TASK PROMPT >>
Copy without pictures. Please restate each line of the listing exactly.

INPUT DATA >>
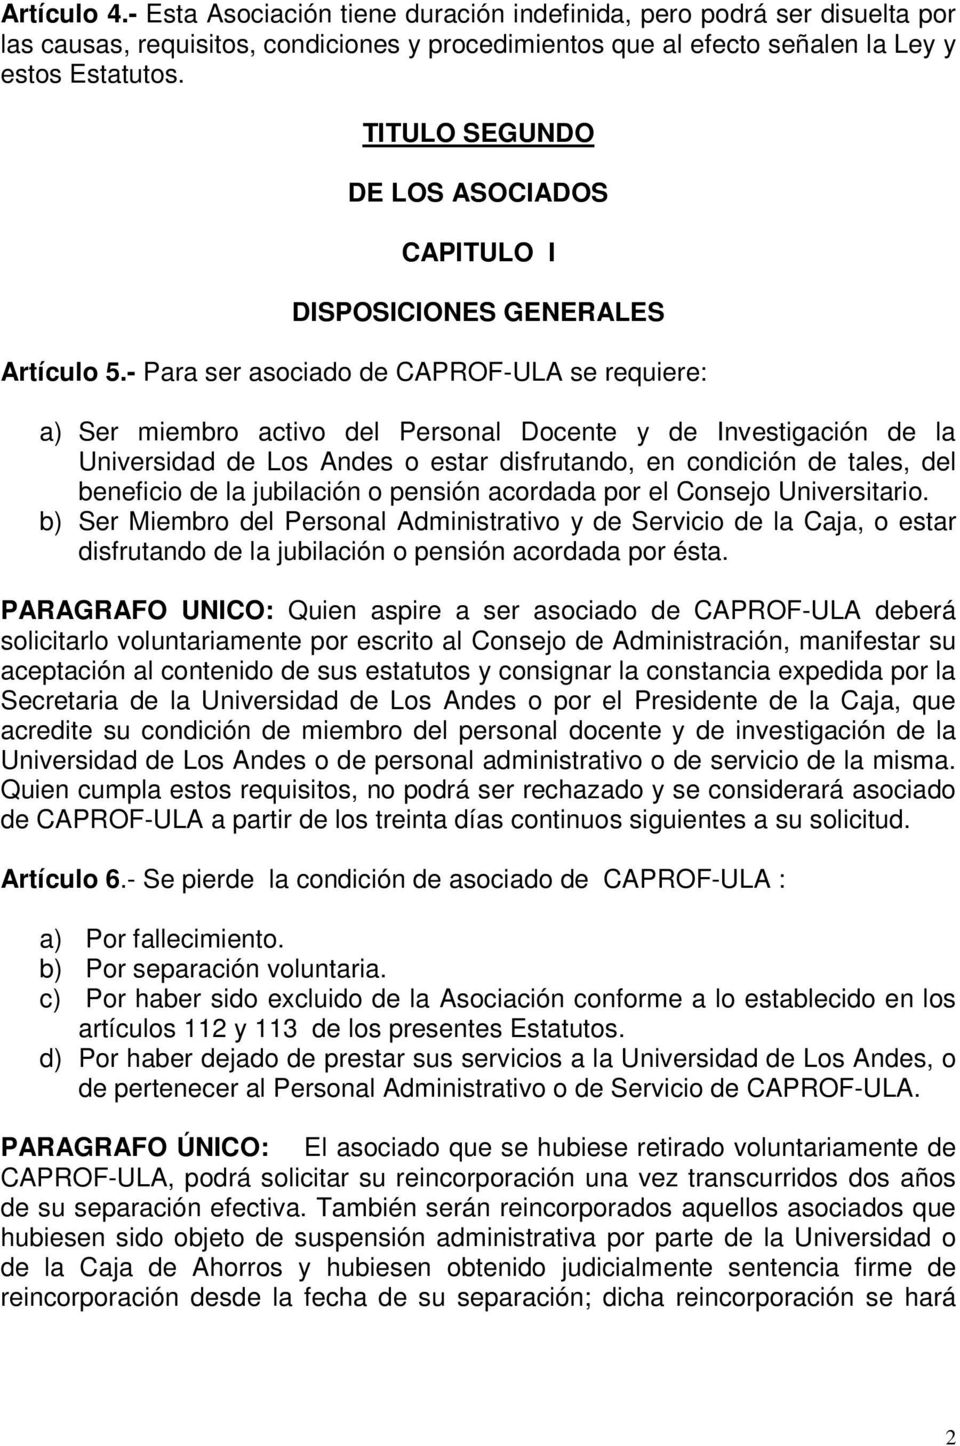 - Para ser asociado de CAPROF-ULA se requiere: a) Ser miembro activo del Personal Docente y de Investigación de la Universidad de Los Andes o estar disfrutando, en condición de tales, del beneficio
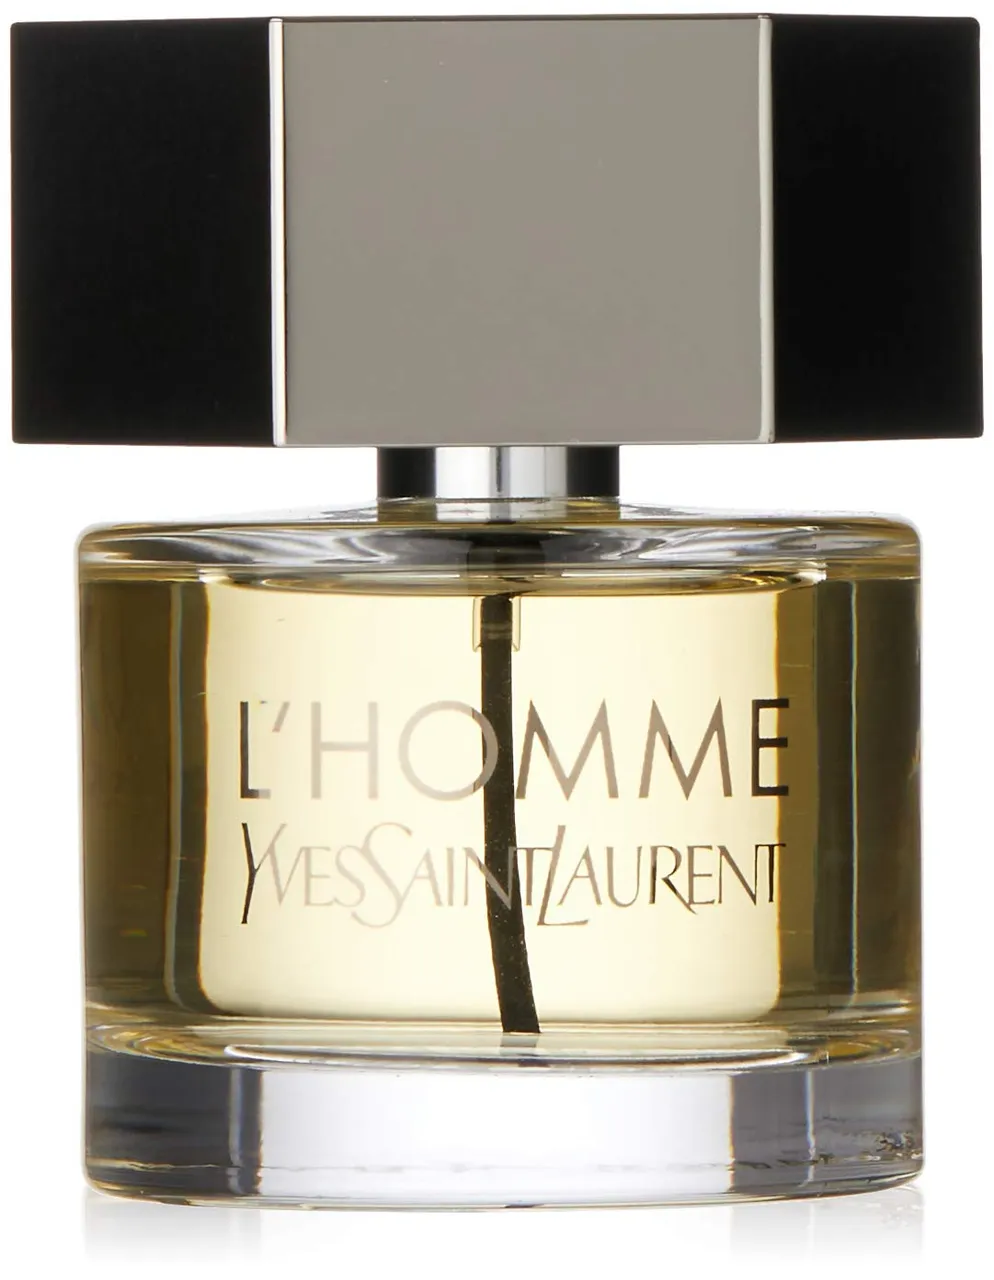 Yves Saint Laurent L'Homme Eau de Toilette Spray 60ml
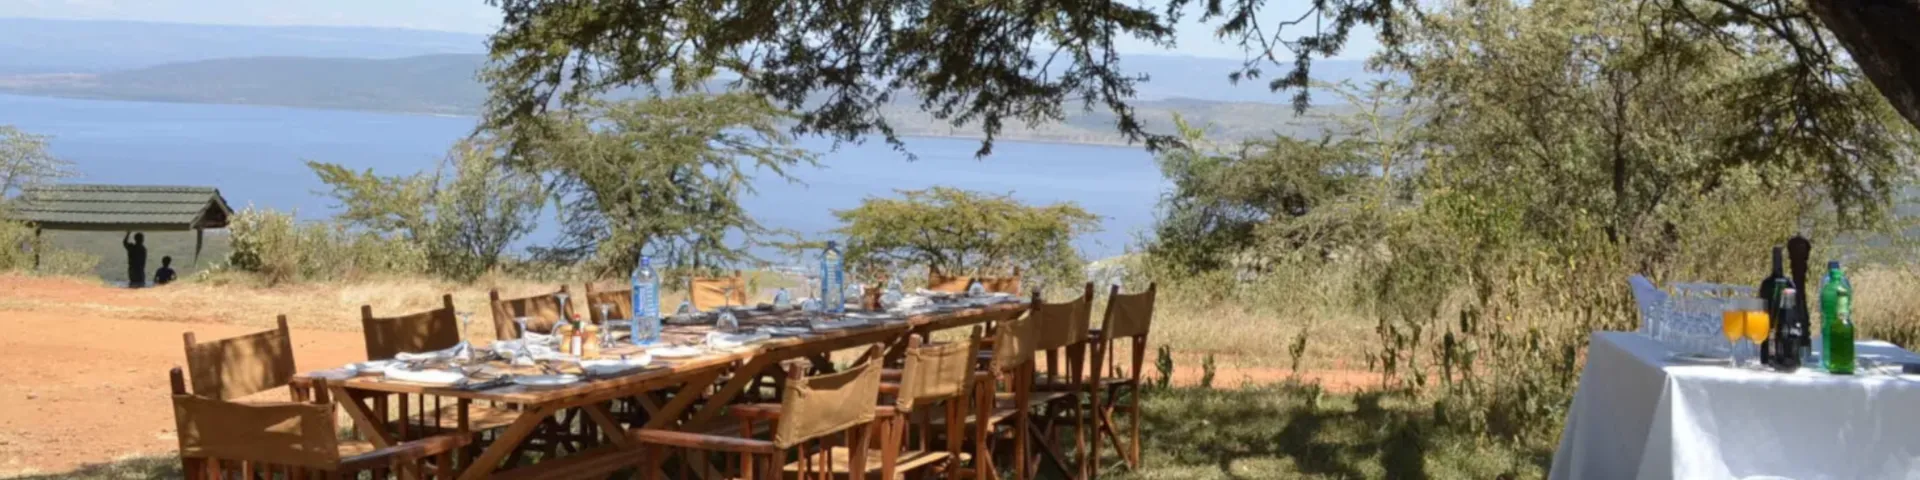 Mbweha Camp - Lake Nakuru - Kenya
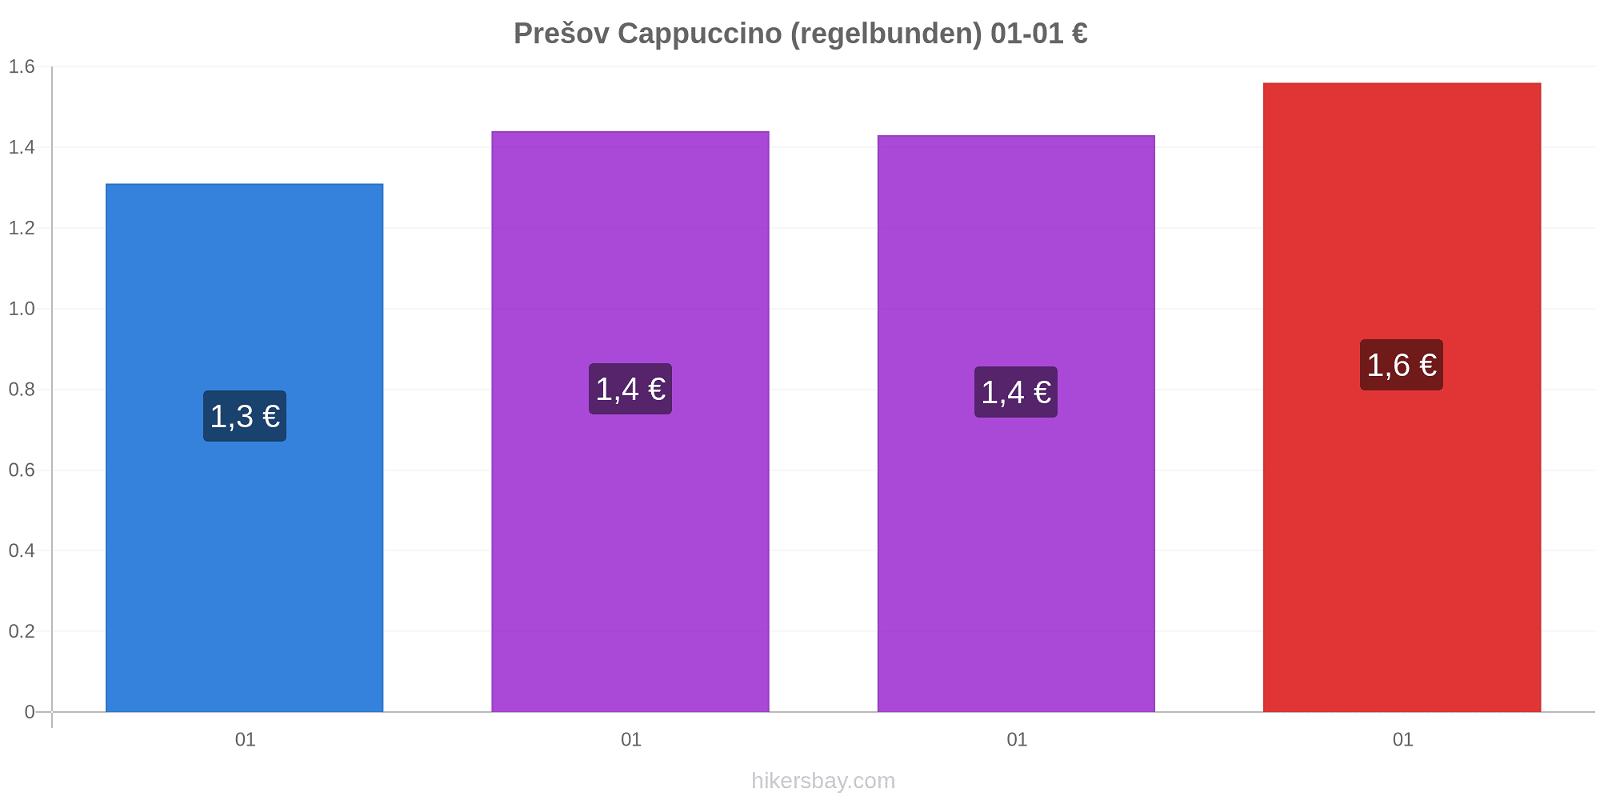 Prešov prisförändringar Cappuccino (regelbunden) hikersbay.com

RESULT OF THE EXERCISE >>
 - Para ser asociado de CAPROF-ULA se requiere: a) Ser miembro activo del Personal Docente y de Investigación de la Universidad de Los Andes o estar disfrutando, en condición de tales, del beneficio
 Yves Saint Laurent L'Homme Eau de Toilette Spray 60ml
 Mbweha Camp - Lake Nakuru - Kenya
 Prešov prisförändringar Cappuccino (regelbunden) hikersbay.com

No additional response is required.